Panatto Retore, visibilmente soddisfatto, si accomodò meglio sul triclinio per parlare stando più a proprio agio.
«Orbene, non sono andato in Armenia. Ricordi quando sono arrivato a Susa, diversi anni fa? Erano più o meno i giorni in cui Valente II riscuoteva più ostilità da parte dei suoi dignitari; la sua corte era scandalizzata per la moda alla Unna che stava diffondendo; il Patriarca cercava di trovare un accordo con il Papa in risposta all’eresia monofisita che si diffondeva in Oriente e nella stessa corte imperiale, e fu esiliato. Come ho scoperto sul tomo che stavo esaminando quando è entrato, esiste, forse in Susina, forse in qualche altro luogo di qua del Tigri, una località particolare dalle antichissime origini, che nasconderebbe qualche particolare rivelazione sulla natura divina. Ho cercato, durante i miei frequenti viaggi, questo luogo, ma non l’ho mai trovato. Penso sia nascosto molto bene, ma ritengo anche sia impossibile che possa essere sfuggito ai tuoi Servizi di Sicurezza. Quindi, in modo celato o meno, dovremmo collaborare per trovarlo.»

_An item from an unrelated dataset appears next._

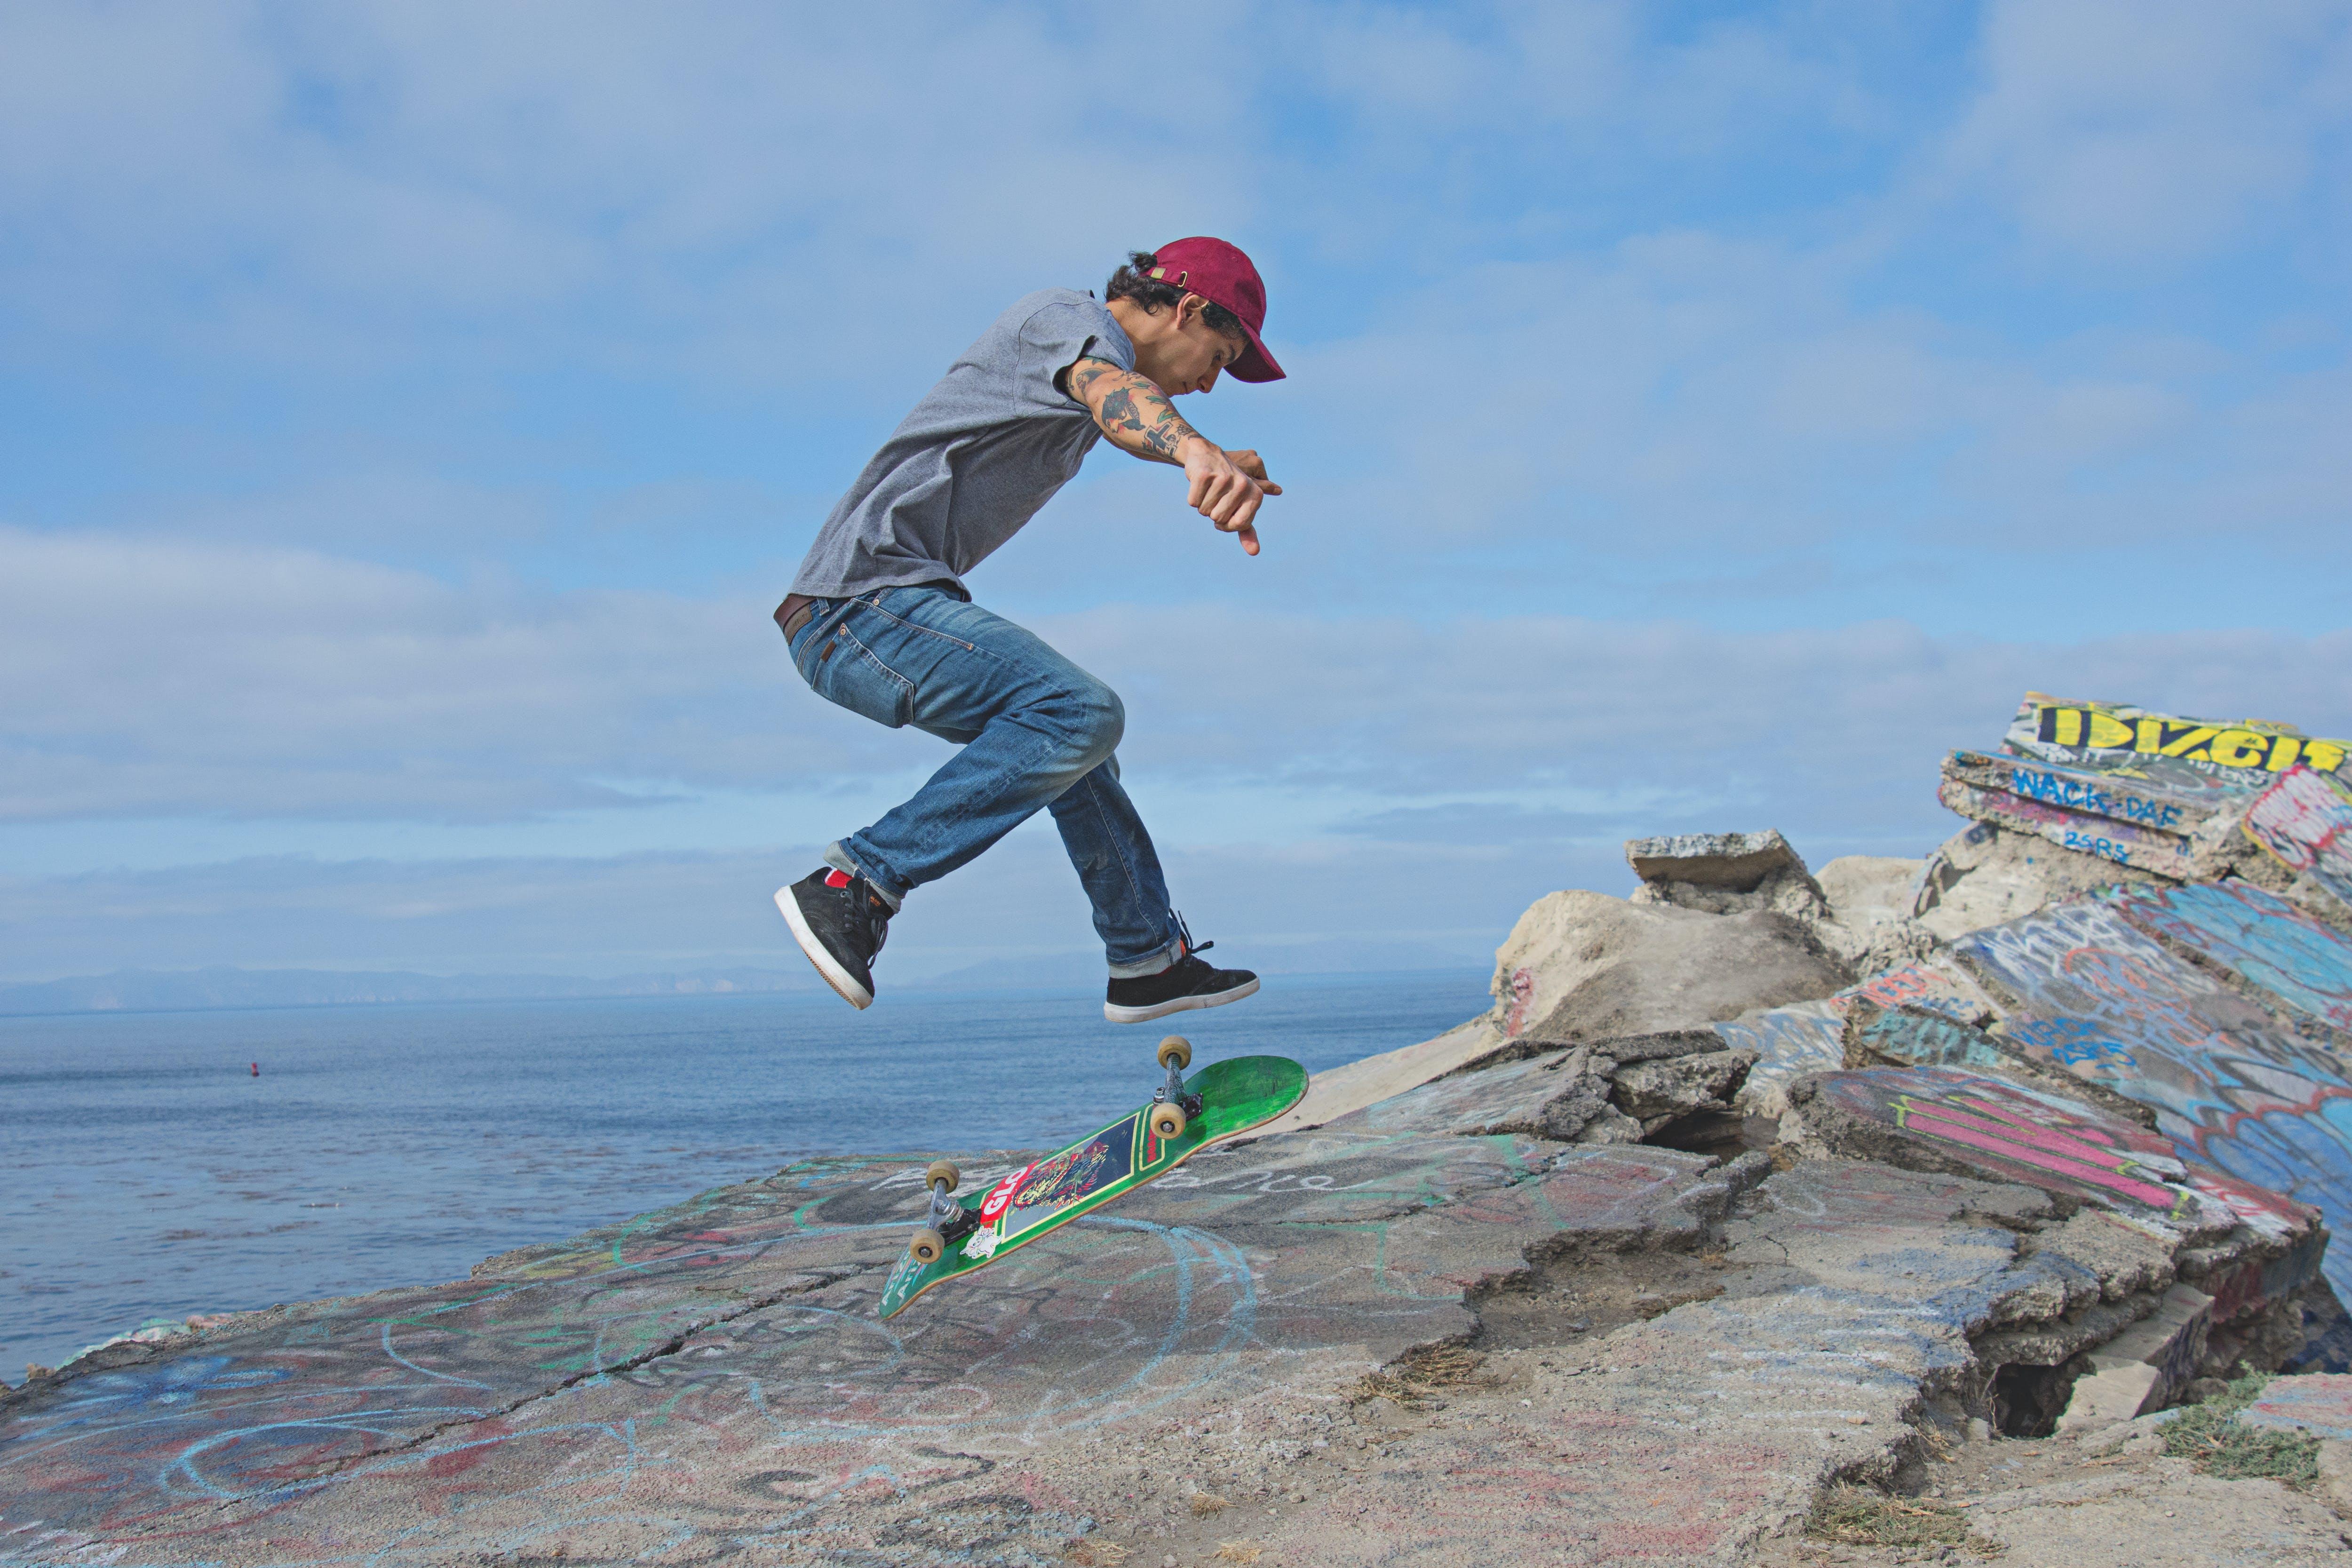 Fidelity jeans, skateboard, kick-flip

«Non comprendo una cosa. Perché dovrebbe essere vostro e mio interesse trovarlo? Non è affar nostro la ricerca della natura divina, mio perlomeno. Ma voi?»
«È mio interesse, in quanto sono da anni impegnato in un’accesa disputa coi monofisiti bizantini. Se questo testo», disse, indicando il grosso volume scritto in sanscrito, «è autentico, possiamo affermare che la Rivelazione monoteistica giudeo-cristiana non è parto delle popolazioni semitiche, come gli Ebrei, ma viene portata dalle popolazioni indoeuropee di stirpe ariana, tra i quali ci sono i Persiani che hanno regnato per secoli sui nostri territori. Ricordo, anche, che la fede degli Ebrei si è confermata nel pieno monoteismo dopo l’esilio di Babilonia, dal quale furono liberati, appunto dal primo gran re dei Persiani, Ciro il Grande; non è da escludere che ne abbiano assorbito alcune credenze. E noi, volenti o nolenti, sia che siamo genti romane o, come più probabile, persiane, traiamo origine dalla stessa grande cultura. Io intendo dimostrare che esiste un santuario risalente al periodo seleucide, o anche anteriore, che possegga elementi riconducibili alla fede o al culto cristiani. Credo sia presente una casta di tipo sacerdotale esclusivamente femminile, come evinco dai riferimenti di matrice monoteista nel culto vestale, analogo al quale dovrebbe essere il culto del santuario di cui sono in cerca».
Alle parole “esclusivamente femminile”, gli occhi di Quinto Fabio brillarono.
«Forse potrei darvi qualche informazione. Ma il problema persiste: a me, che ne viene?».
«È attestata, a partire dai primissimi tempi del santuario, la presenza di un immenso tesoro in oggetti votivi.